Du cœur de Bangui à Bamako, le leader de Wagner Evgueni Prigojine a consacré ses derniers jours à une lutte pour préserver son royaume, d’après les informations fournies par le Wall Street Journal.
À quelques jours seulement avant le tragique accident de son avion, dans les régions nord-ouest de Moscou, le commandant de la milice Wagner poursuivait son tour du monde dans une tentative désespérée de préserver son avenir, tel que décrit dans un captivant article du Wall Street Journal. Le vendredi précédant son décès, Evgueni Prigojine avait mis pied à Bangui, la capitale de la République centrafricaine, pour discuter avec le président Touadéra et le chef des services de renseignements, Wanzet Linguissara.
Depuis le mois de juin et l’échec de la rébellion menée par l’homme de confiance de Poutine, une bataille sous-jacente avait pris place en Afrique et ailleurs entre le gouvernement russe et le chef de Wagner, l’objet du conflit étant le contrôle de l’entrelacs complexe et obscur du chef de guerre. D’après les renseignements divulgués par le journal américain, durant sa visite au palais présidentiel, Evgueni Prigojine aurait tenté de tranquilliser le dirigeant quant à la fonctionnalité de Wagner.
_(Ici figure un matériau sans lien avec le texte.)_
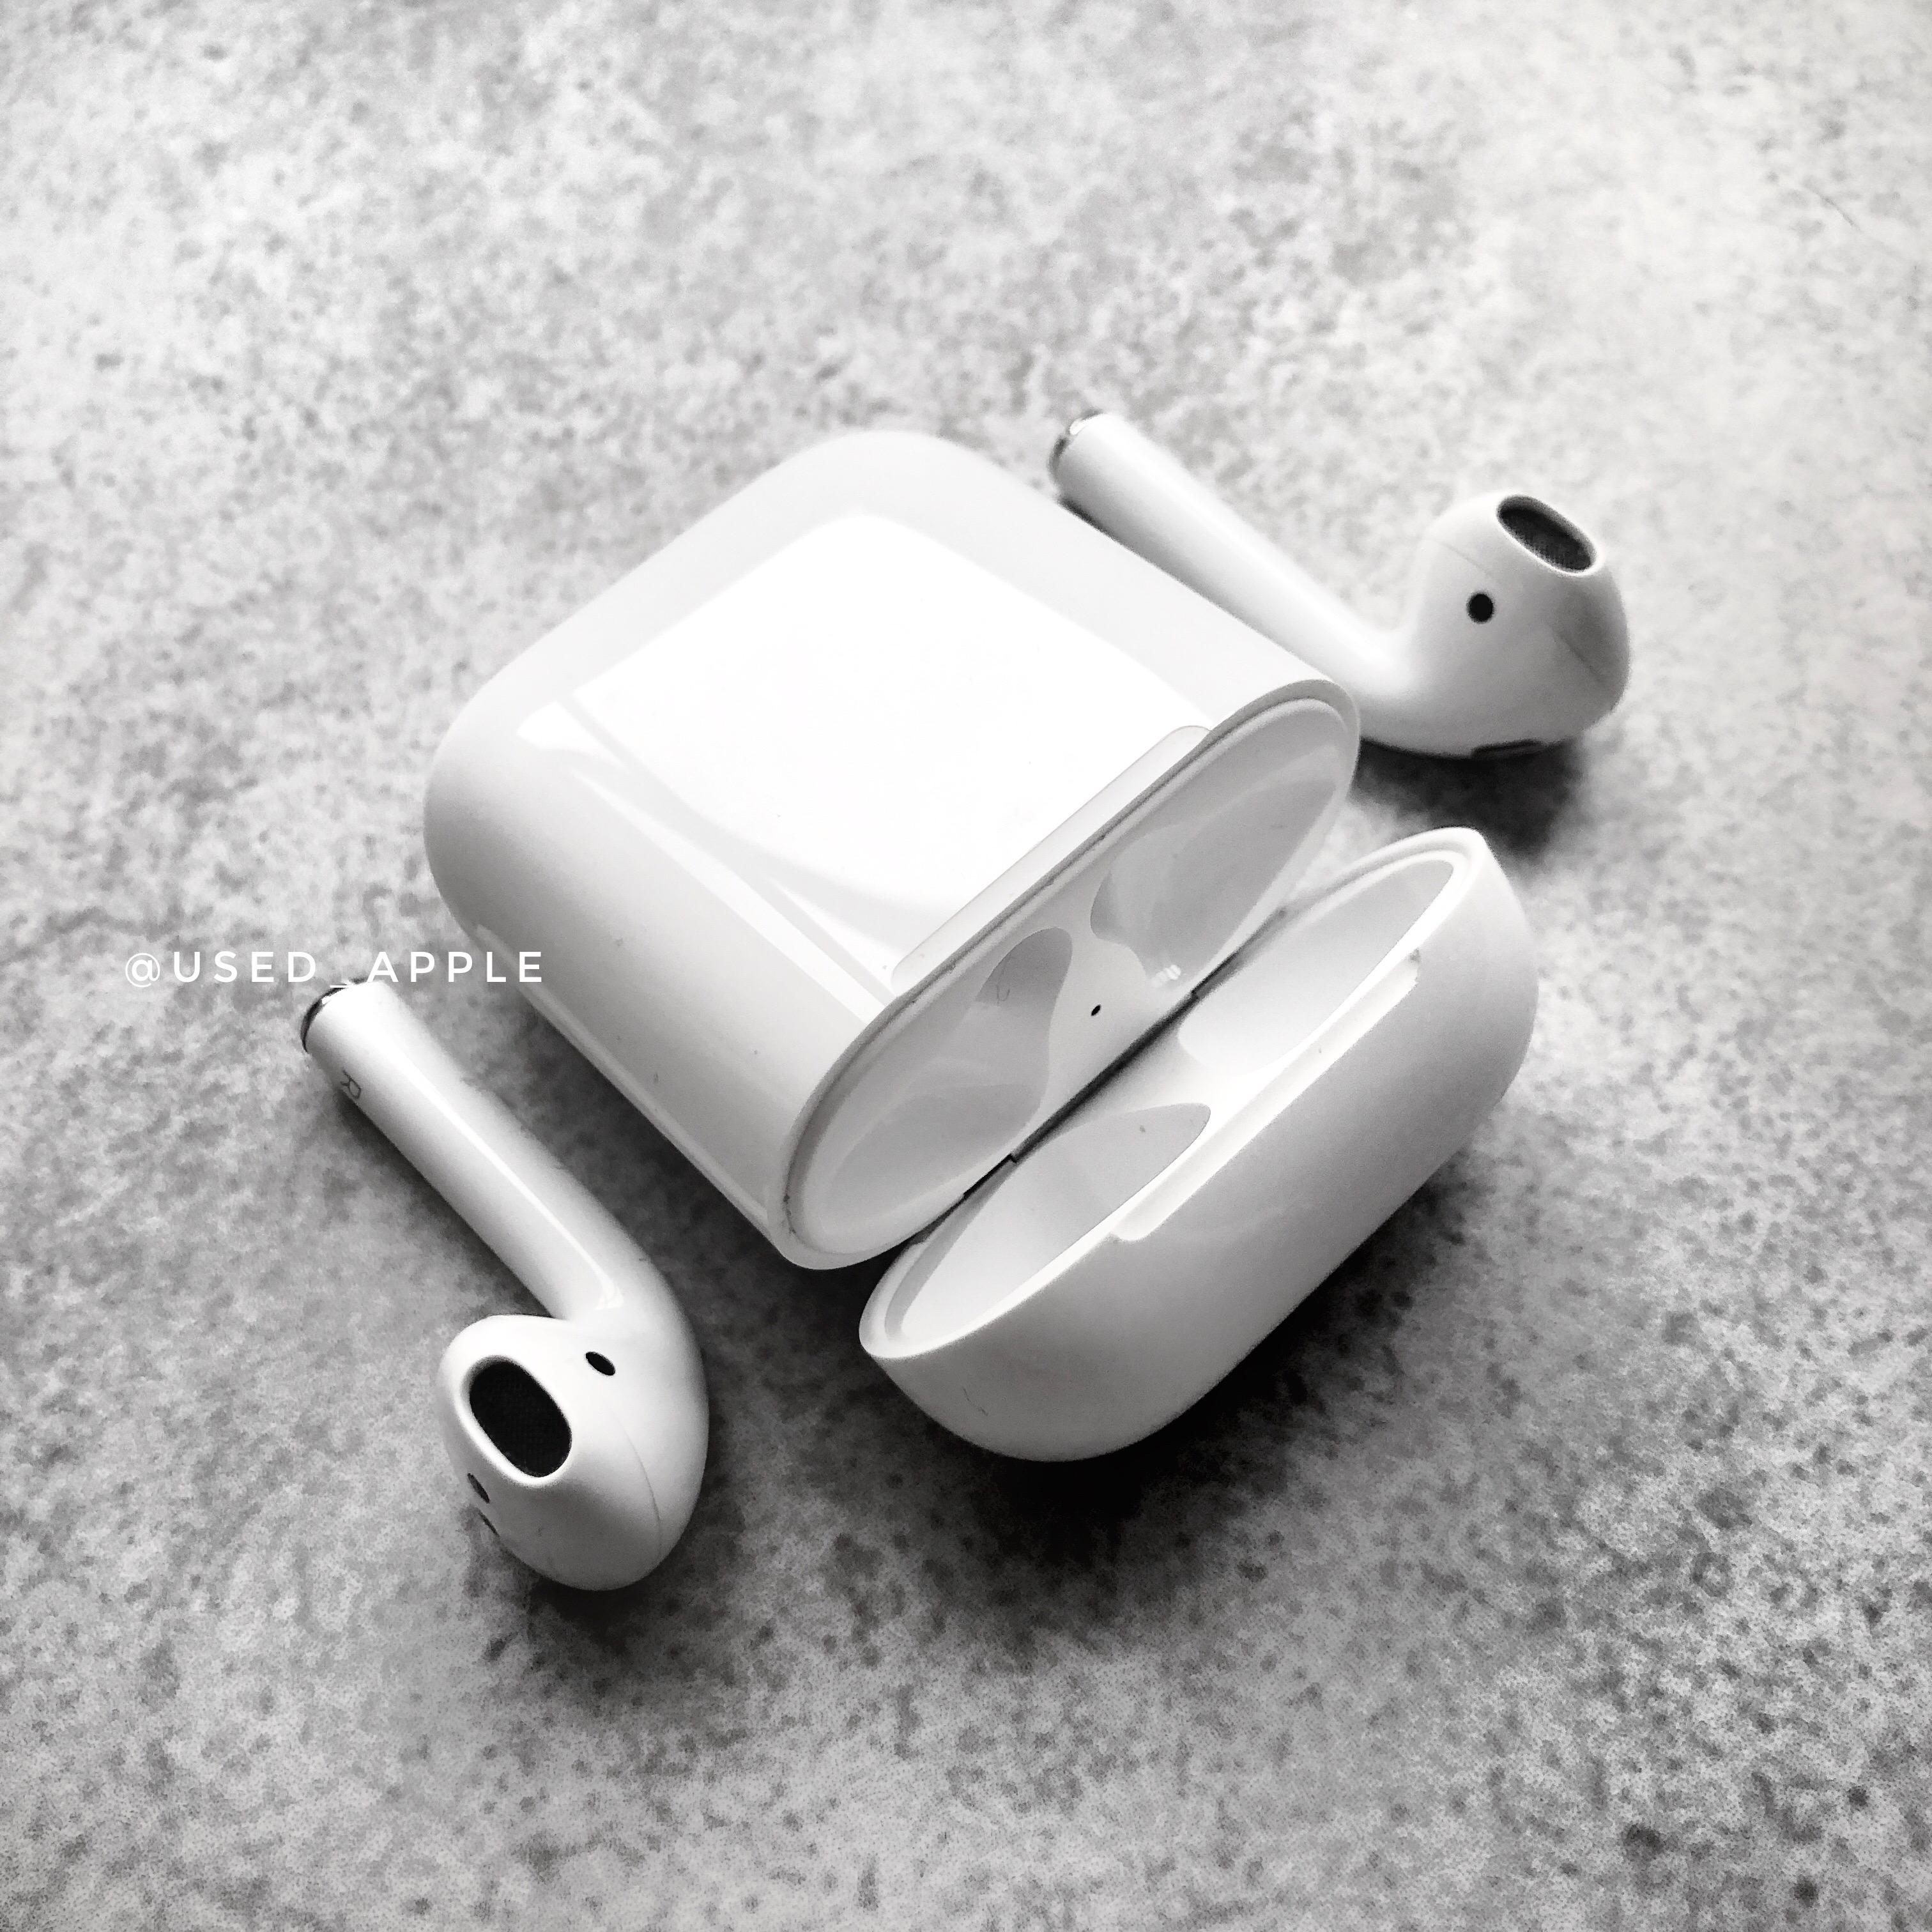 used AirPods вживані бу айфон

Le maître de la guerre aurait ainsi cherché à renforcer la confiance de son partenaire en assurant que leurs liens restaient solides, et en promettant d’apporter de nouvelles troupes et des investissements à leurs associés commerciaux en Afrique centrale, en dépit de la tentative avortée de rébellion… Cela, même après que Vladimir Poutine ait expressément demandé à son homologue de prendre ses distances. Sergueï Choïgou, ministre russe de la Défense et grand rival de Prigojine, aurait fait parvenir ce message à travers des délégations auprès des divers gouvernements des « pays Wagner » ; ce qui pourrait potentiellement expliquer les hésitations apparentes des putschistes nigériens.
Après sa rencontre avec Touadéra, Evgueni Prigojine aurait par la suite, d’après le journal, réceptionné à Bangui un chargement d’or en provenance du Darfour, apporté par cinq commandants des Forces de soutien rapide du Soudan, une milice soutenue par Wagner. Ce paiement aurait été en échange de la récente fourniture de missiles sol-air par Prigojine aux rebelles.
Selon un fonctionnaire soudanais cité par le Wall Street Journal, le chef de guerre se serait plaint en disant : « J’ai besoin de plus d’or ». Alors que Prigojine s’efforçait de calmer ses alliés, le vice-ministre de la Défense Iounous-bek Evkourov avait été envoyé par Moscou en Libye avec une délégation. Le mardi 22 août, à la veille du crash, il avait rencontré le général Khalifa Haftar pour négocier un partenariat entre leurs deux armées, étant donné que le militaire rebelle commençait à douter de la fiabilité de Wagner et souhaitait dorénavant traiter directement avec le Kremlin. « Poutine m’a affirmé que la Libye était d’une grande importance pour nous », avait déclaré Iounous-bek Evkourov à Khalifa Haftar. « C’est le premier pays Wagner que nous visitons. »
Par la suite, Prigojine aurait fait une escale à Bamako, au Mali, conformément aux enregistrements de vol d’un jet privé qu’il utilisait régulièrement pour parcourir le continent. Il se préparait à repartir pour son ultime voyage vers la Russie, mettant ainsi fin à une période d’activité intense entamée en juin, qui l’avait conduit du Moyen-Orient à l’Europe de l’Est en passant par l’Afrique, dans une quête infructueuse pour préserver son influence et ses gains.